EMMPRIN showed important expression levels in submucosa, and cells that presumably could be lymphocytes and macrophages, remarking an important degree of immunopositivity in the case of intraepithelial lymphocytes and endothelial cells in serosa.

3.3 Co-localization of EMMPRIN+/MMP23+ in colonic tissue of patients with IBD

Double-staining procedure of EMMPRIN+/MMP23+ (stained in burgundy) showed an increased expression of EMMPRIN (stained in brown) and MMP23 (stained in pink) in submucosa and muscular layer of colonic tissue from patients with UC and CD compared with controls, as shown in Figure 2 and 3. EMMPRIN+/MMP23+ cell percentage was lower in CD compared with UC in all intestinal layers (Figure 3).

Higher double positive cells for EMMPRIN+/MMP23+—producing cell percentage (stained in burgundy) was localized mainly in mucosa, submucosa muscular and adventitia layers of patients with active UC compared with active CD (P = 0.011, P = 0.005, P ≤ 0.001 and P = 0.023, respectively; Figure 3).MMP23 was potentially produced by inflammatory infiltrate cells and parenchyma cells.

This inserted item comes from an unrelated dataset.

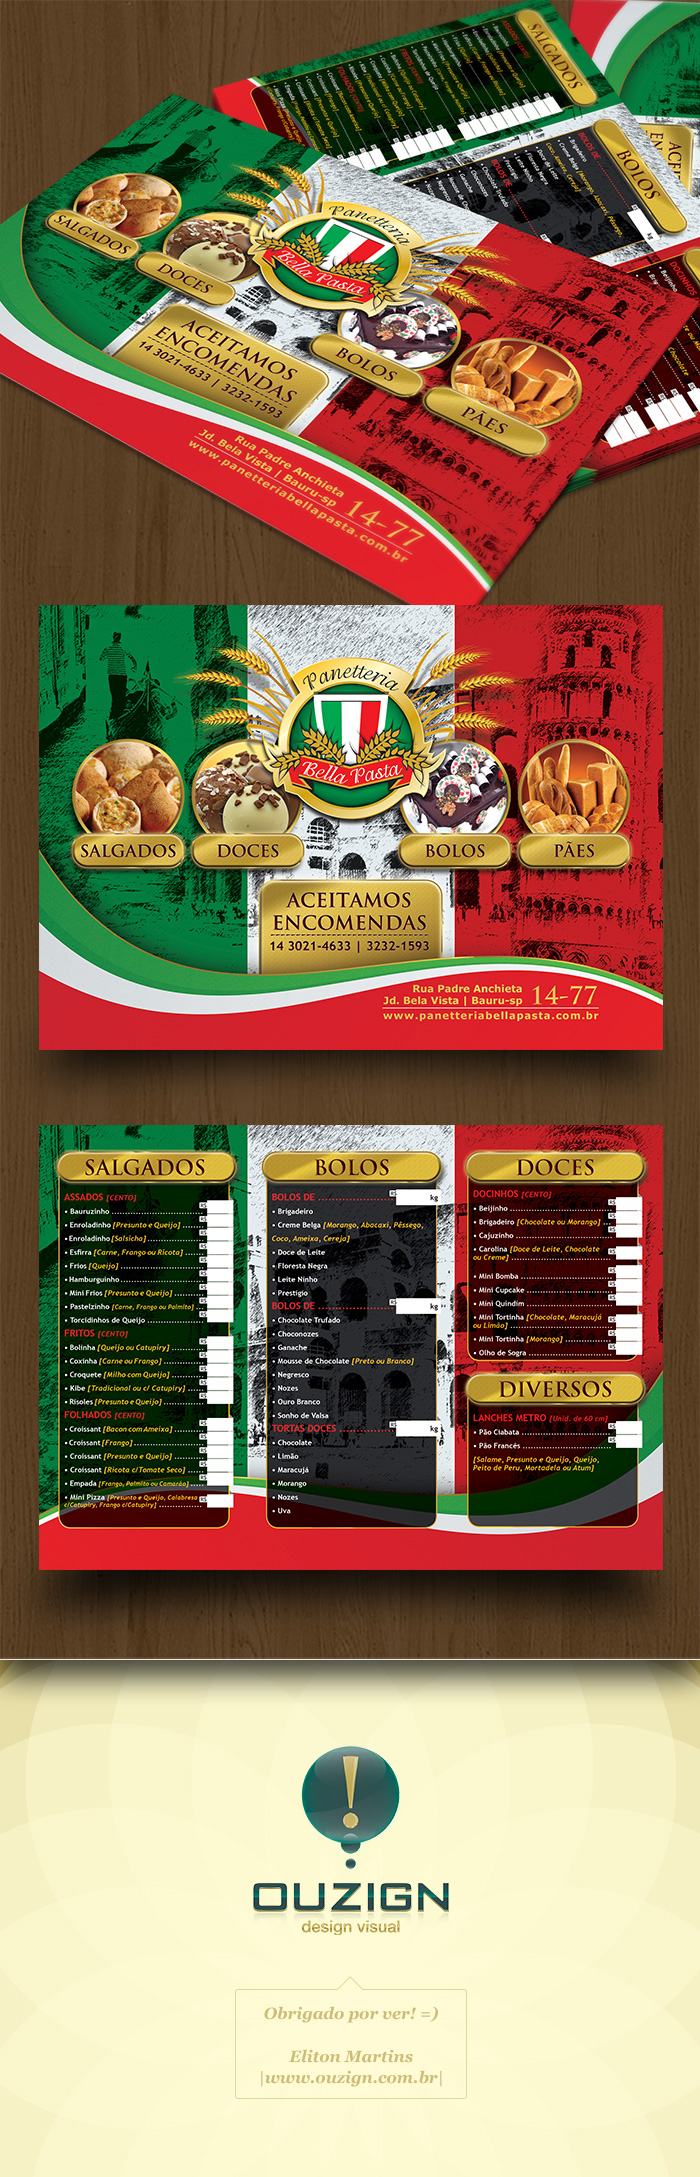 Flyer Panetteria Bella Pasta

Also increased double positive cells were detected in active UC compared with controls in mucosa, muscular and adventitia (P = 0.008, P = <0.001 and P = 0.005).

3.4 Co-localization of EMMPRIN+/MMP10 + in colonic tissue of patients with IBD

Co-localization of EMMPRIN+/MMP10+ (stained in burgundy) showed an increased expression of EMMPRIN (stained in brown) and MMP10 (stained in pink) in all layers (mucosa, submucosa and muscular) of colonic tissue from patients with UC and CD compared with controls, as shown in Figure 4 and 5.

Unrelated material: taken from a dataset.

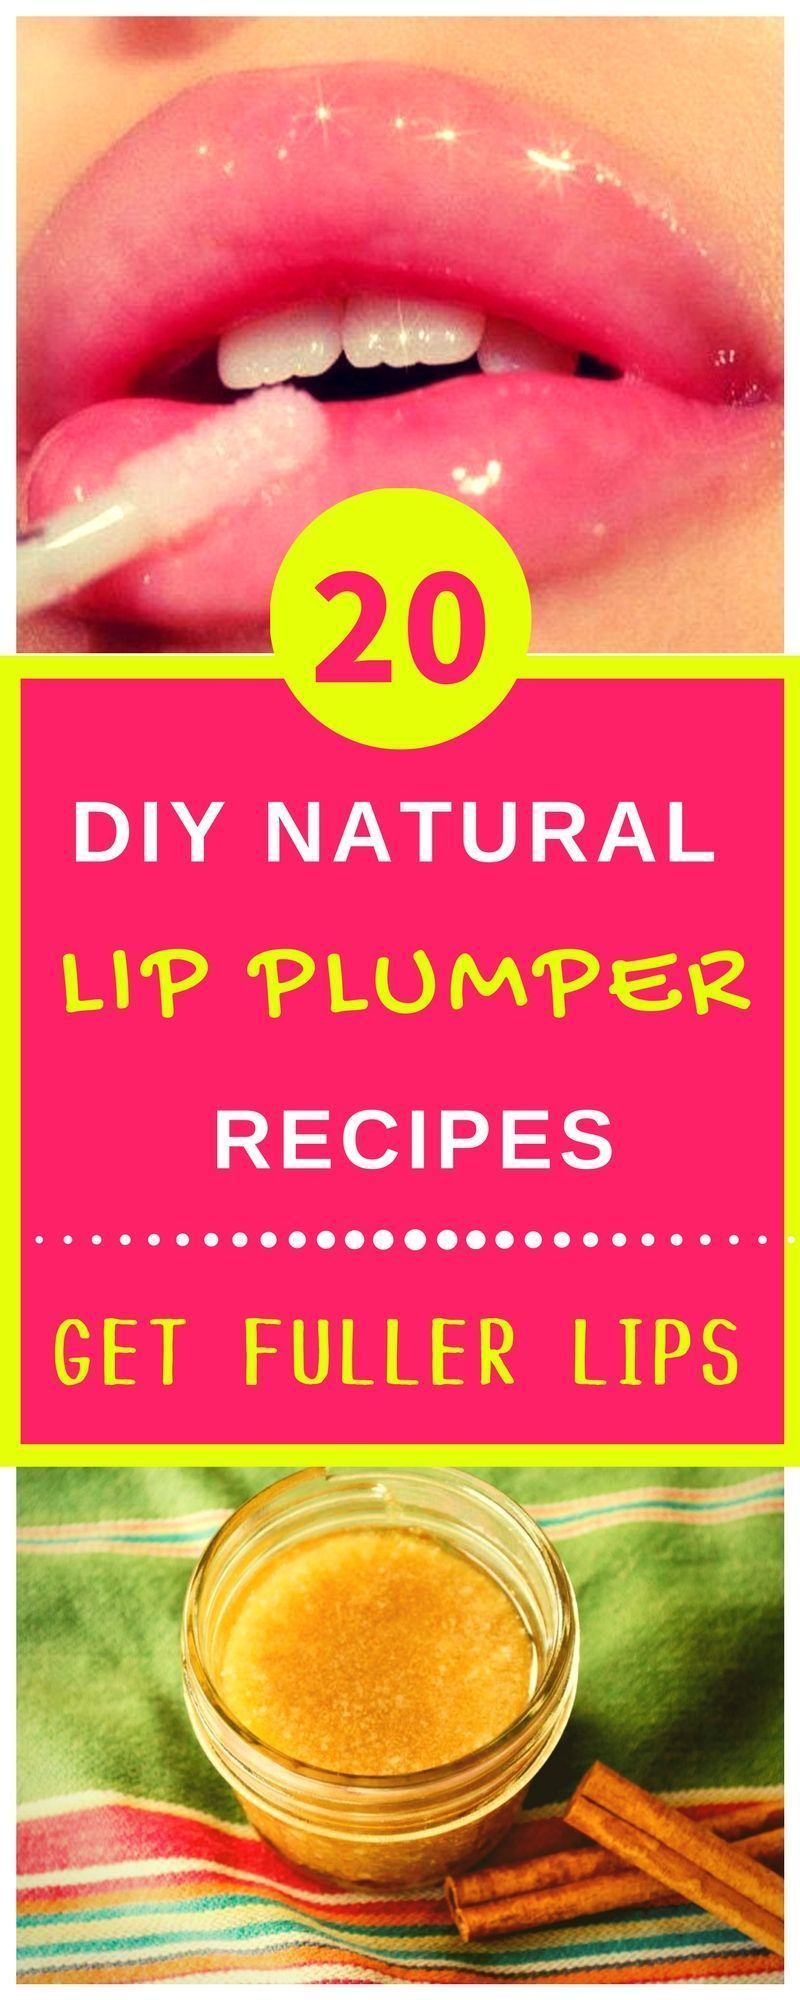 20 trustworthy natural diy lip plumper recipes for fuller

Higher double positive cells for EMMPRIN/MMP10/—producing cell percentage (stained in burgundy) was localized mainly in muscular and adventitia layers of patients with active UC compared with active CD (P = 0.004, P = ≤0.045 respectively; Figure 5).

MMP10—producing cells were found mainly in mucosa muscularis, adventitia and perivascular inflammatory infiltrates in UC and CD patients. MMP10 was synthesized by presumably epithelial cells, inflammatory infiltrate cells and parenchyma cells.

The protein production of MMP10 was detected in colonic tissue from patients with UC, CD and controls. In the muscular layer of patients with active CD we detected an increased number of positive cells of MMP10 versus active UC group (P = .004) and control group (P = .012; Figure 5).